Dans mon quartier les pauvres
roulent en voiture, les très pauvres marchent à pied ou fraudent dans les
transports en commun et les bourgeois roulent à bicyclette. La lutte de classes
se mène donc à front renversé. Avenue Mozart, en haut de l’échelle sociale se
trouvent les berlines avec chauffeur, puis les chauffeurs sans berline, puis
les propriétaires de twingo et autres cabriolets d’occasion, puis les
motocyclistes de grosses cylindrées et tout en bas de l’échelle sociale, les
cyclistes. Tout en bas, parce qu’il n’y a pas de piétons. Les piétons se font
immédiatement contrôler, arrêter, expulser, renvoyer, verbaliser, menotter,
sermonner. Parfois, le propriétaire d’une berline, quand il descend de son
véhicule voit un piéton, il lui donne une pièce, car un piéton, dans certains
quartiers, ne peut être qu’un marginal dépouillé de tout. Là-bas, donc, les
choses sont claires. Du côté de La Muette, de Jasmin, du Bois de Boulogne.
Chez
moi, c’est différent. Les très pauvres peuvent se promener ici sans risque de
contrôle et de menottes car il y en a beaucoup trop. Ils se promènent
tranquillement dans les ruelles étroites, sur les trottoirs ou sur la chaussée.

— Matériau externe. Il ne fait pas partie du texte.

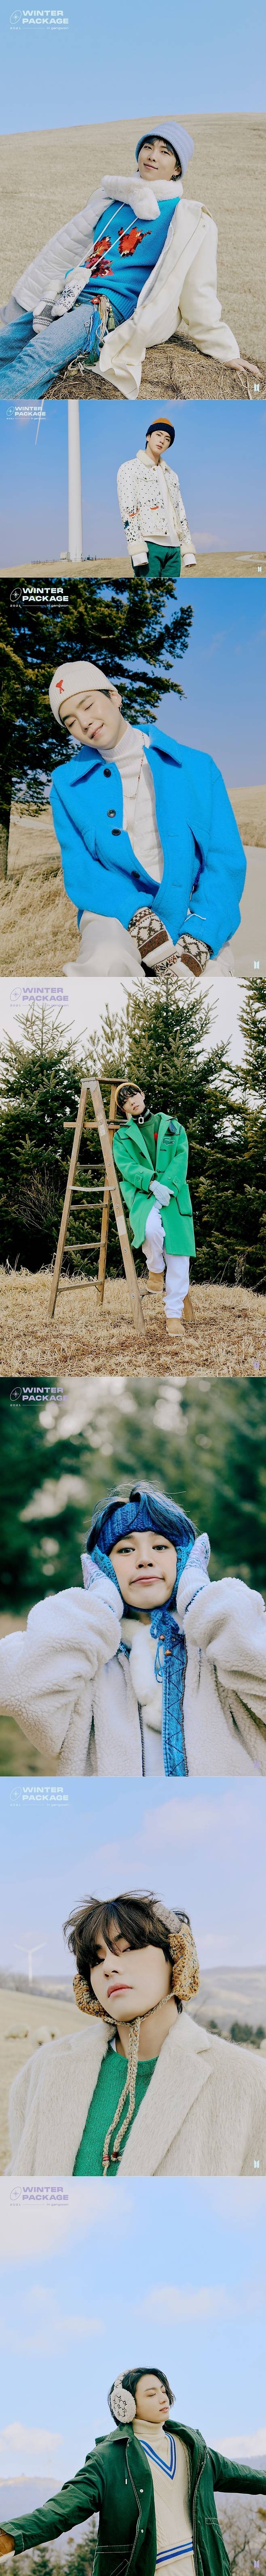 Winter Pictures of Group BTS (RM, Jean, Sugar, Jay Hop, Ji Min, V, Jungkook) have been released.BTS unveiled its 2021 BTS WINTER PACKAGE Preview Cuts (2021 Vitis Winter Package Brievue Cut) on the fan community platform Wiverse between January 27 and 28.The photo is a picture of Winter Package, which BTS officially releases on February 26th.BTS recently completed a Package shoot in Gangwon Province, the sea in South Korea and snowy areas.The Package will include photobooks filled with a seven-color, seven-color Winter Sensibility, as well as mini posters, photo cards, and handwritten message cards from members.Meanwhile, BTS won the top spot on domestic and overseas music charts with its album Deluxe Edition (BE) released last year and the title song Life Goes On (Life Goes On).In particular, it has re-emerged its strong global popularity by entering the United States of America Billboard main album chart Billboard 200 and the main single chart Hot 100 at the same time.BTS will release Essential Edition (BE) on the 19th of next month.

Les pauvres, qui viennent souvent des villes de banlieue et des départements
désignés, ne peuvent pas marcher à pied sous peine d’être confondus avec le
lumpen prolétariat et ils ne veulent pas. Comme ils ont des enfants et des
paquets de légumes pesants, ils ne peuvent pas se déplacer à bicyclette, il ne
leur reste plus que la voiture. Ils viennent ici avec leur plaque
d’immatriculation neuf trois, ou sept huit, roulent lentement en file unique
dans ces rues étroites, klaxonnent au premier ralentissement, se garent
n’importe où en laissant les enfants et leurs sacs dans la voiture pendant que
monsieur va boire une bière et madame se refait les ongles, parfois même en laissant
le moteur allumé, en hiver.
Les
vélos sont les instruments ici des classes supérieures. Comme les aristocrates
dans leur calèche, ils passent haut perchés sur leur selle et sonnent leur
timbre customisé tout en criant « oh là, manant, tu me laisses
passer ? ».
Hier, pour
aller à la gare Montparnasse attendre ma belle, il restait un vélib sous la
station de métro. Les piliers sont recouverts de fiente de pigeons. Dans un
recoin, un monsieur pisse. Une demoiselle arrive en même temps que moi. Elle me
voit, avec ma canne, mes cheveux gris et me regarde effrontément : j’étais
là en même temps que vous. Je lui dis : ce vélib me revient au bénéfice de
l’âge. Elle accepte l’explication et s’en va. Je glisse ma carte d’abonnement,
le voyant vert clignote, mais le vélo reste coincé. Je répète l’opération avec
ma deuxième carte d’abonnement. Le vélo reste toujours coincé. La demoiselle
est partie. Je descends dans les entrailles du métropolitain et je trouve une
place assise au bénéfice de l’âge.
Que veut dire
exactement « au bénéfice de l’âge » ? Ça veut dire, une
demoiselle arrive en même temps que vous devant le seul vélib qui reste dans la
station Barbès où fiente et pisseurs entretiennent une ambiance glauque, alors
que si j’avais été jeune, j’aurais dit « bien entendu, je vous laisse le
vélo, habitez-vous chez vos parents et plus si affinité ». Au bénéfice de
l’âge, ça veut dire : j’échange le vélo contre votre âge ». Vous
prenez le vélib, je vous donne mon âge. An
bénéfice de l’âge, ça veut dire une place assise dans le métro si vous avez une
canne, un vélib à Barbès qui reste coincé.